Exercise requirements:
Only the lines below between the one holding "بيروت تتحضر لمشاهدة" and the one holding "ca. 5cm Pony", inclusive, are to be reproduced word for word; the pictures are to be left out.

Data supplied:
# # #
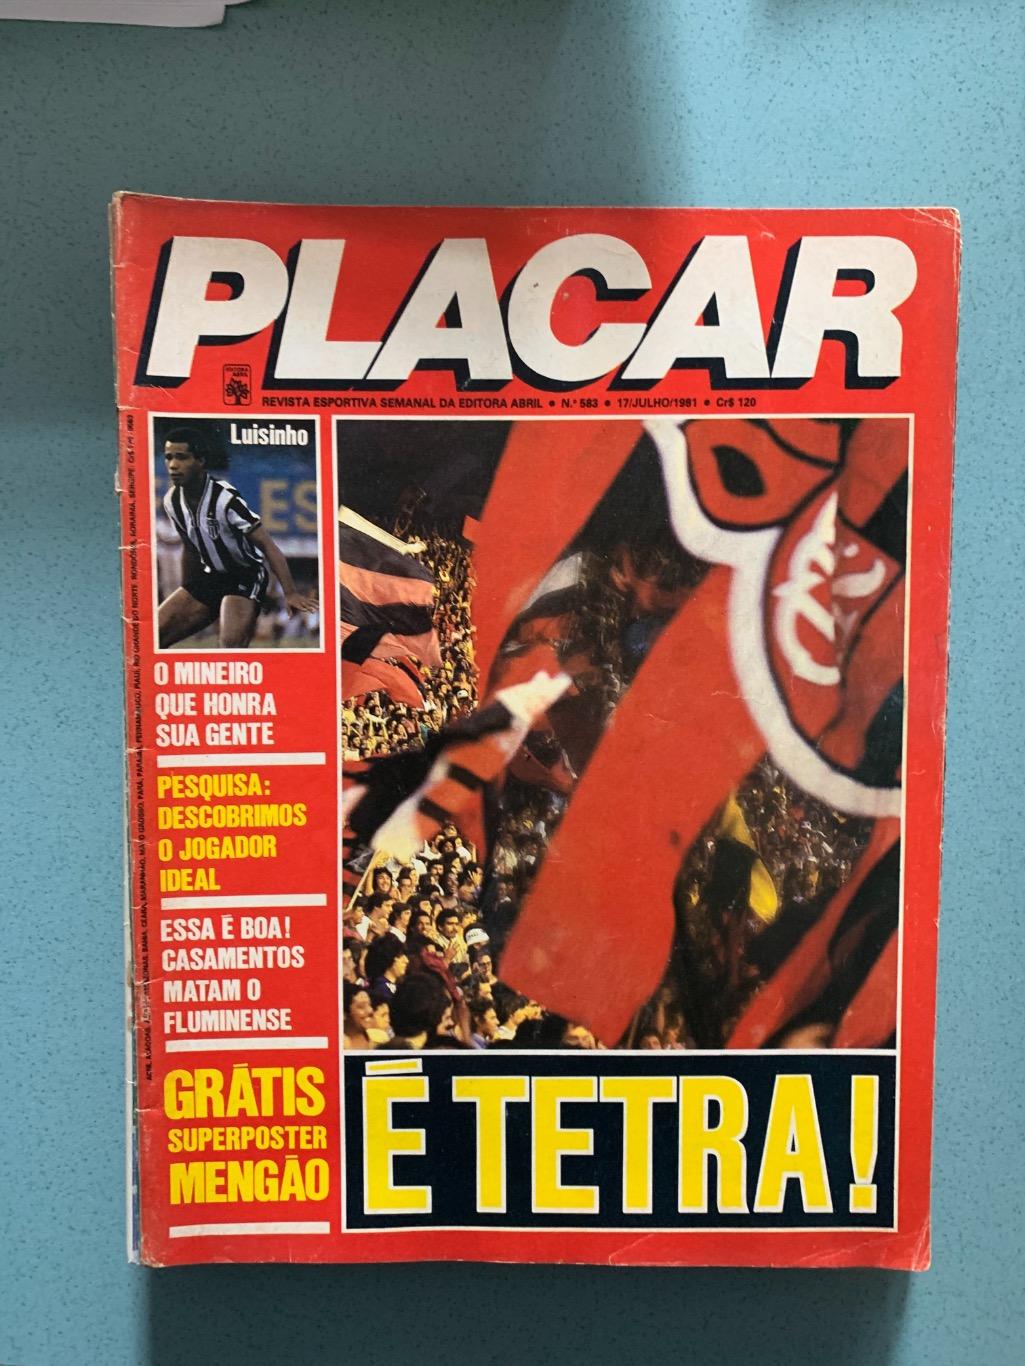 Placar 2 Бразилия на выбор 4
# # #
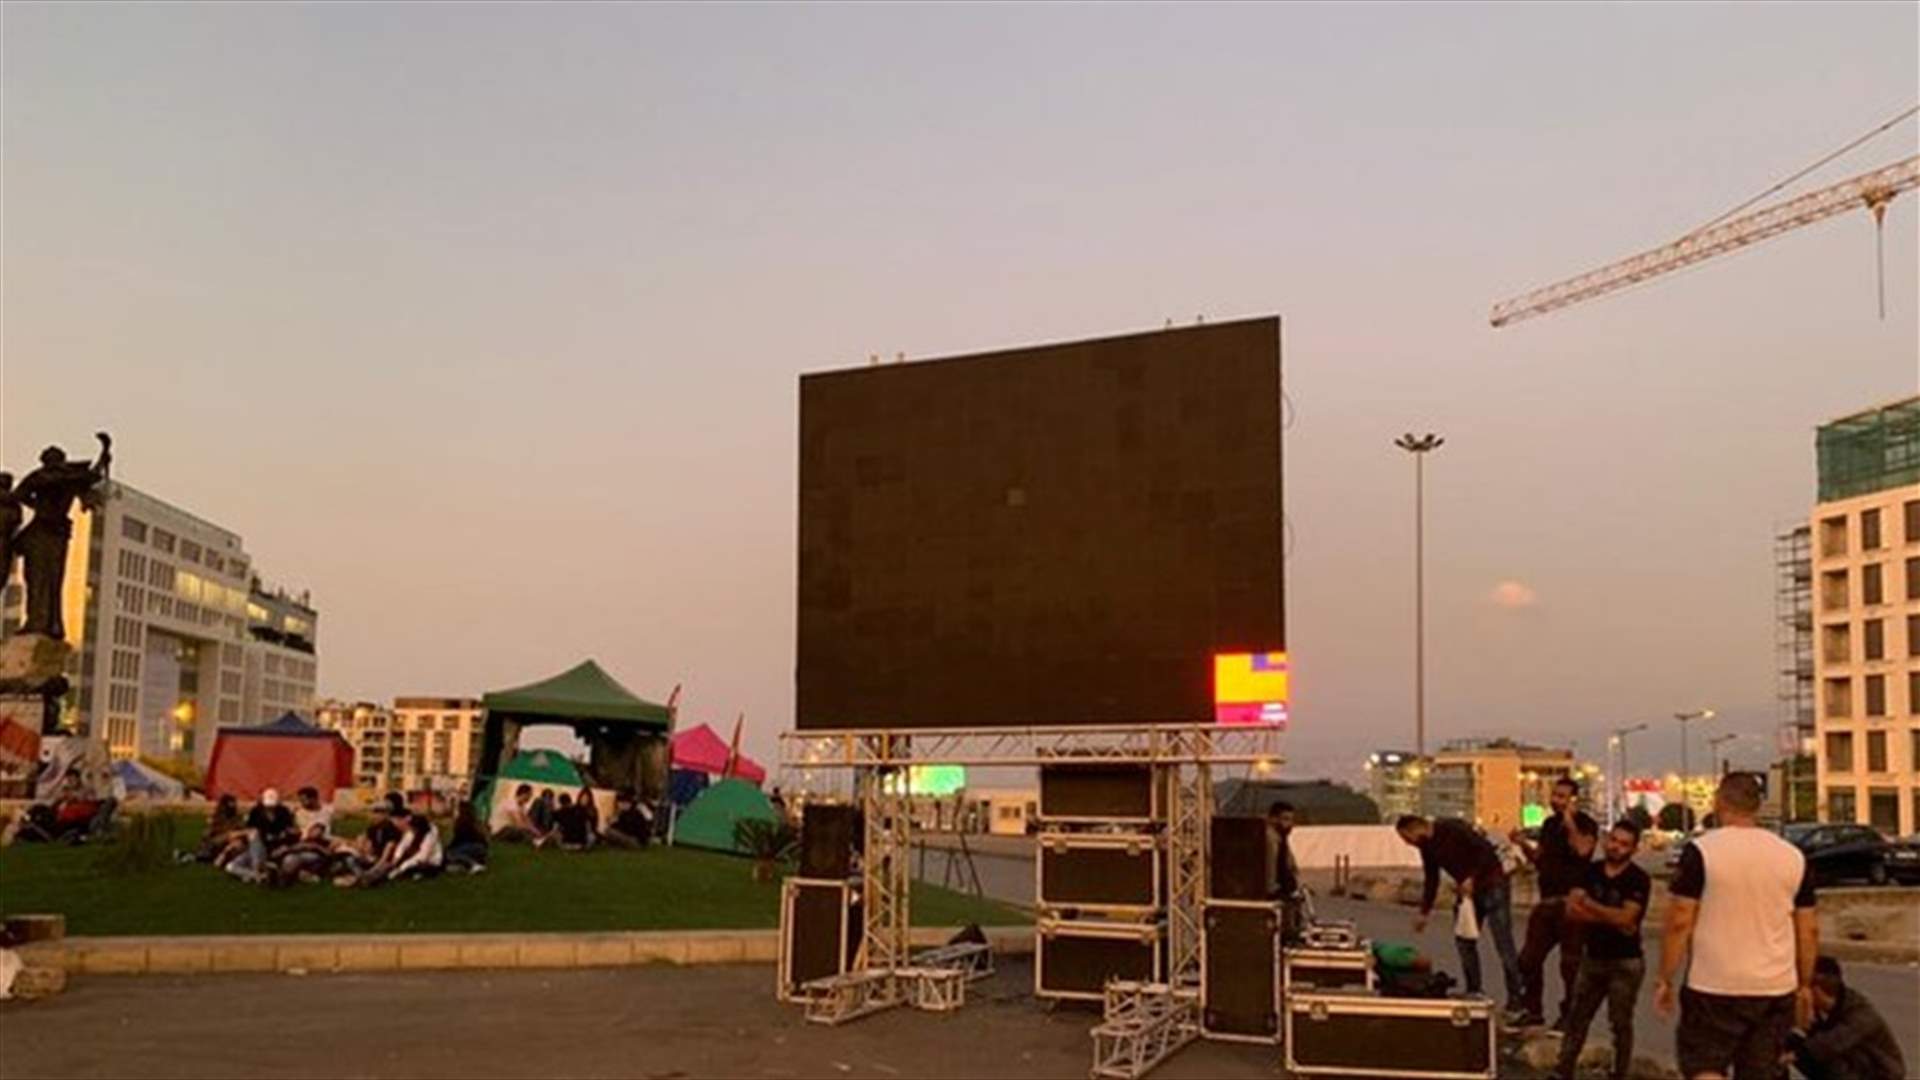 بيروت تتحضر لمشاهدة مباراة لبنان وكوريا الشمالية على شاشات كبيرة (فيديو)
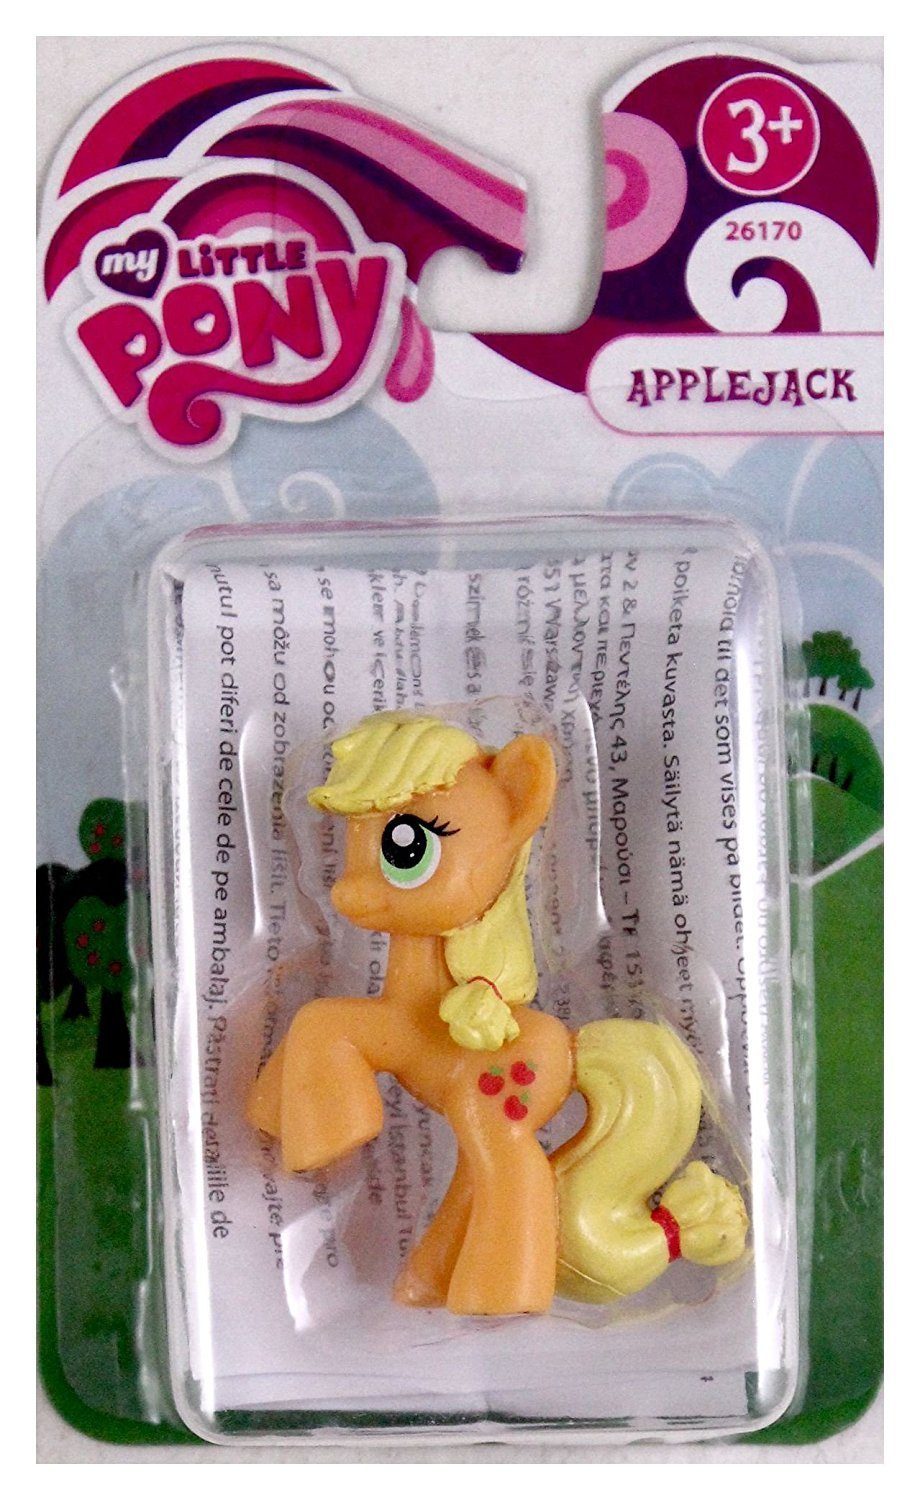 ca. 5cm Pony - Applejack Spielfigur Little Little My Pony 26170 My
# # #
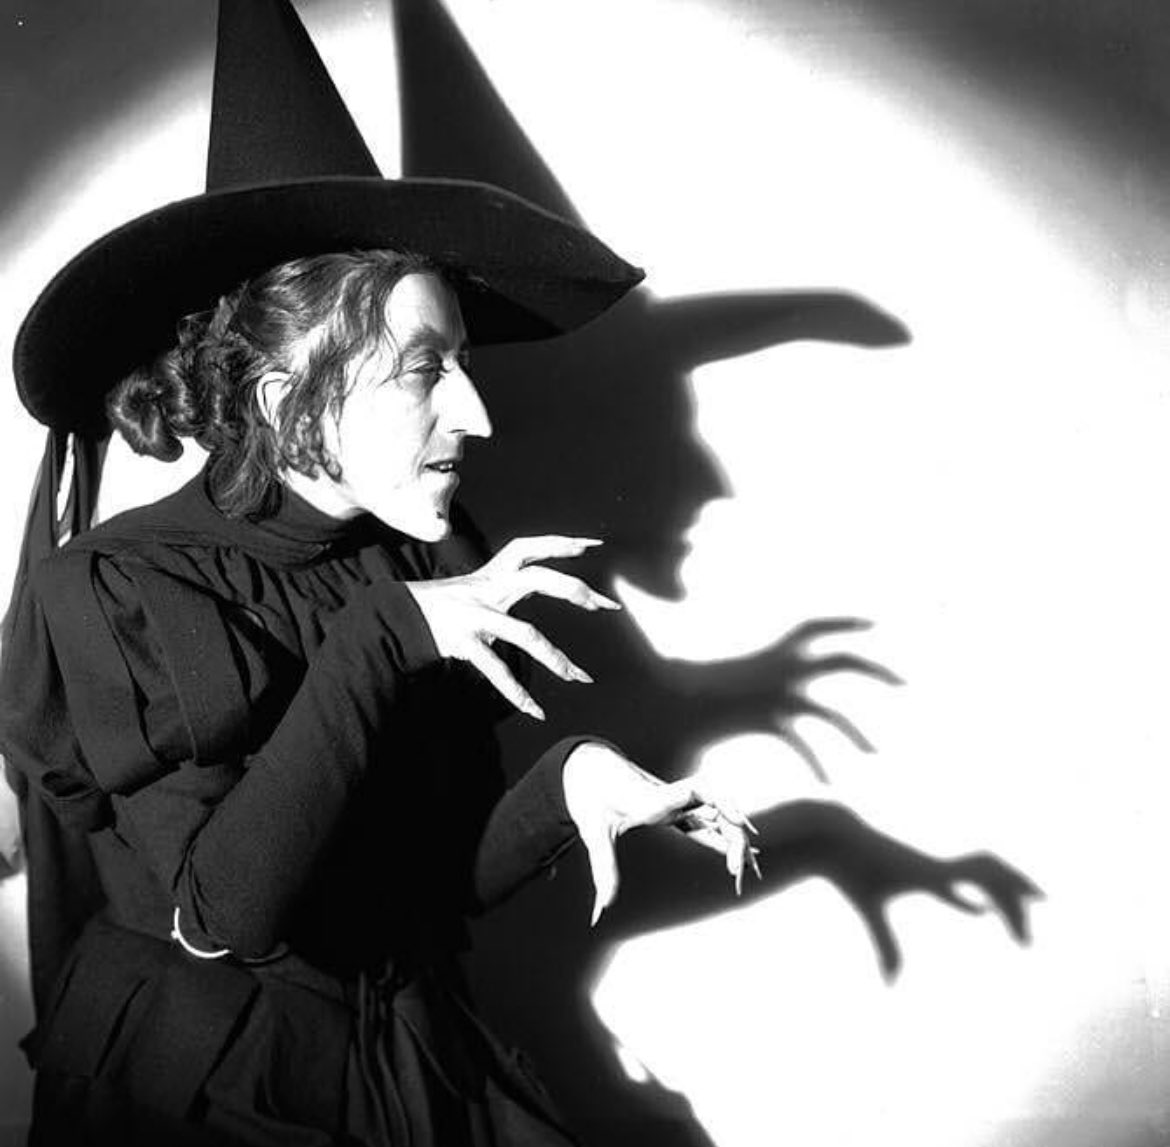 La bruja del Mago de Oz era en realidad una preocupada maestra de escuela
# # #
Solution to this problem:
 بيروت تتحضر لمشاهدة مباراة لبنان وكوريا الشمالية على شاشات كبيرة (فيديو)
 ca. 5cm Pony - Applejack Spielfigur Little Little My Pony 26170 My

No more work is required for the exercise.